In the face of a pernicious invading foe, what’s a restoration biologist to do? If you’re the director of research at one of the world’s leading centers of restoration ecology – the art and science of rebuilding lost or threatened landscapes – you experiment.

Joy Zedler working with students in the field
Joy Zedler, standing above, Aldo Leopold Professor of Restoration Ecology, works with graduate students to determine the degree of encroachment of reed canary grass in the UW–Madison Arboretum. Aided by runoff, this exotic plant has overwhelmed a large tract of Greene Prairie. Photo Jeff Miller.

Early-season sprouts
Early-season sprouts poke through the prairie soil. Photo Jeff Miller.

Joy Zedler, Aldo Leopold Professor of restoration ecology, is proposing just that as she confronts the menace of reed canary grass. Aided by urban runoff, this exotic plant has overwhelmed a large tract of the Arboretum‘s Greene Prairie, considered to be one of the world’s finest restored wet prairies.

The experiment, which involves introducing native plant species that might be able to stand up to the invader, may provide new insights into combating the mushrooming problem of exotic plant species, which aggressively displace native vegetation and cause loss of biodiversity.

In the large-scale experiment, Zedler envisions that six one-acre study plots would be cordoned off in the site. Three plots would act as controls of solid reed canary grass and three would receive a mosaic of treatments, including the planting of experimental native plant assemblages.

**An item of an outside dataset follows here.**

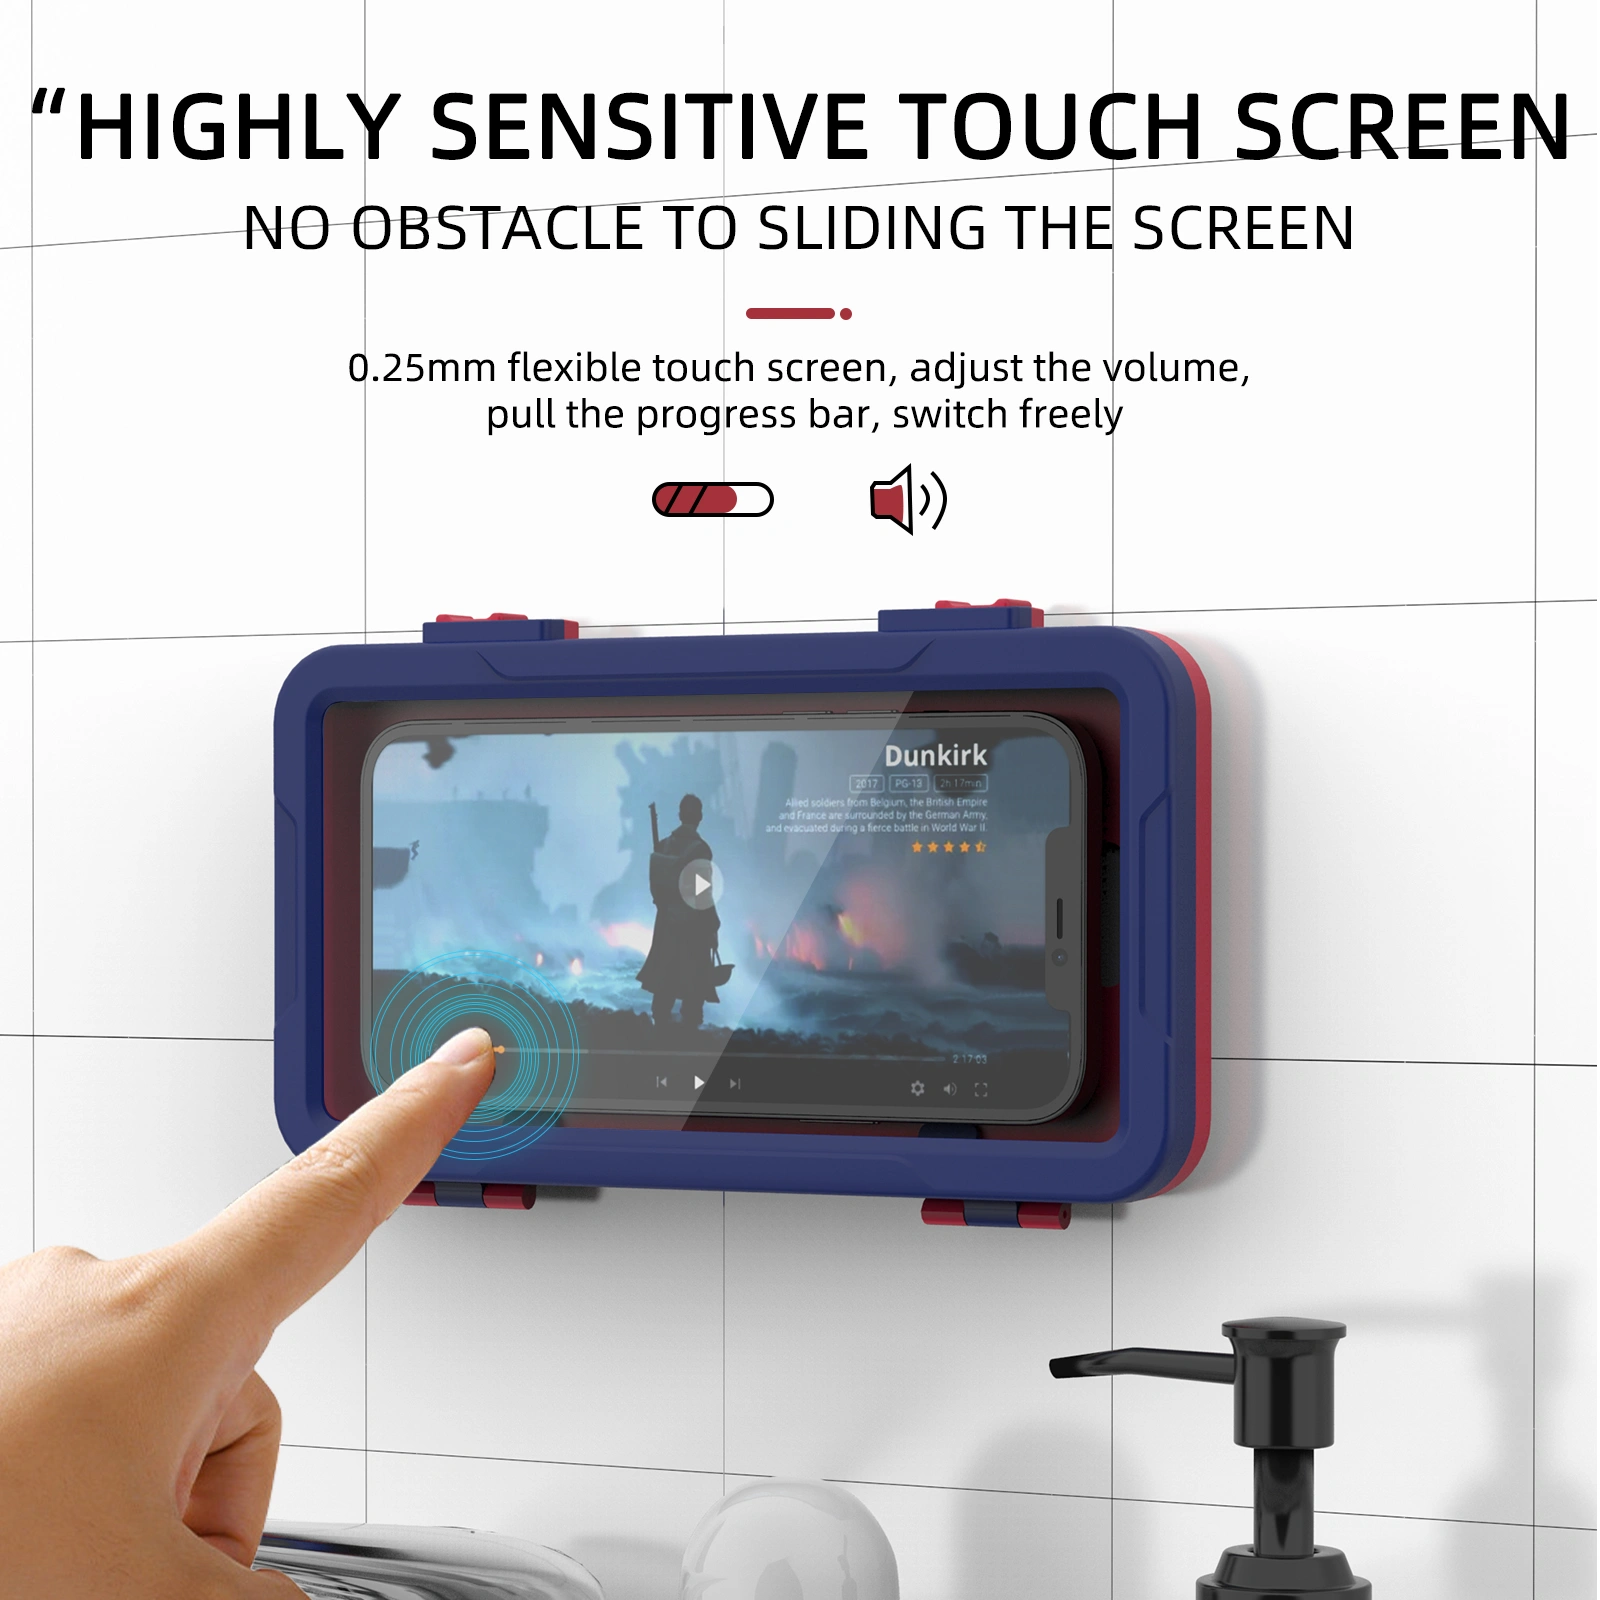 highly sensitive touch screen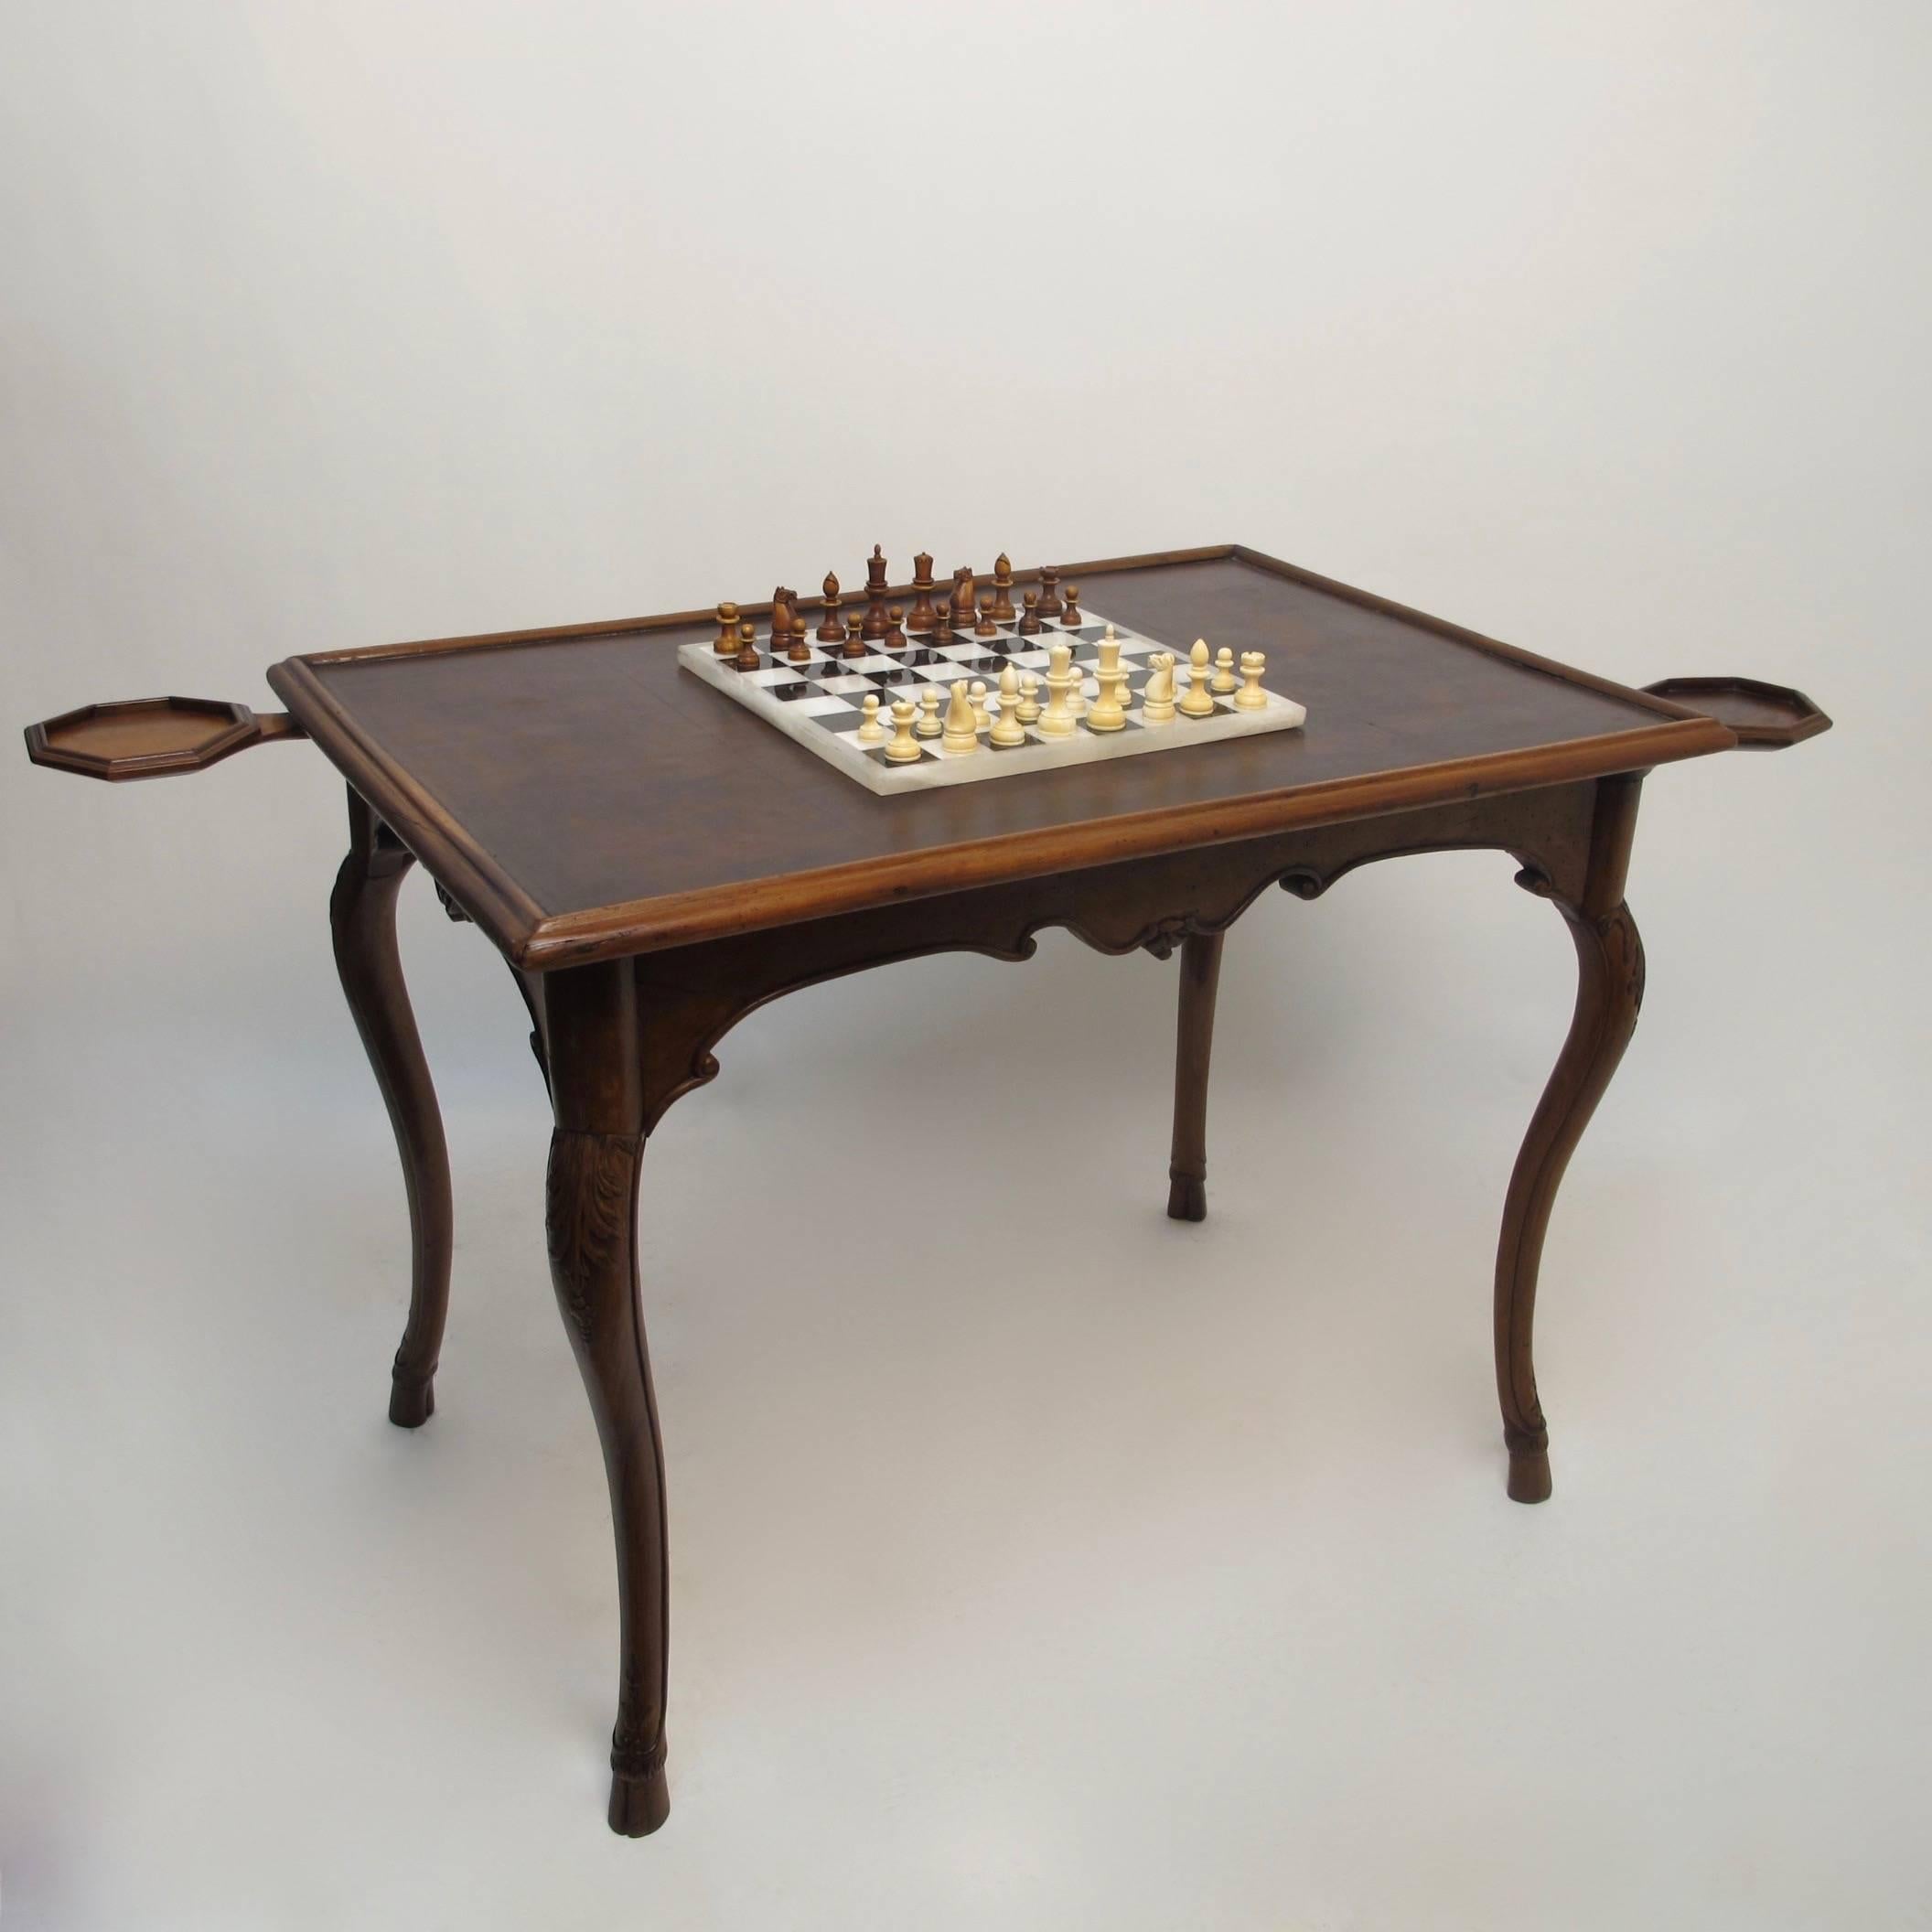 Beautifully carved walnut game table with inset leather top. Having a shapely apron, sitting on cabriole legs with carving at knees and ending with cloven hoof detail. The swing out cup or candle holders were most likely added in the mid-20th

In addition to providing research and teaching opportunities for university faculty and students, Zedler hopes her strategy will educate the public about the problem of biodiversity loss.

“Until loss of biodiversity stares you in the face, it’s hard to comprehend,” Zedler says. “The experiment will provide a place to see side-by-side a diverse habitat with native plants, and monotypic reed canary grass. The public can then begin to form impressions about what they prefer.”

In the 1940s, Henry Greene, a UW botanist and prairie expert, almost single- handedly restored the prairie that bears his name after the former farmland became part of the Arboretum. Don Waller, professor of botany and former chair of the university’s arboretum committee, says Greene Prairie is “one of the best reconstructed prairies in the country” and one that has taught ecologists much about the science of restoration.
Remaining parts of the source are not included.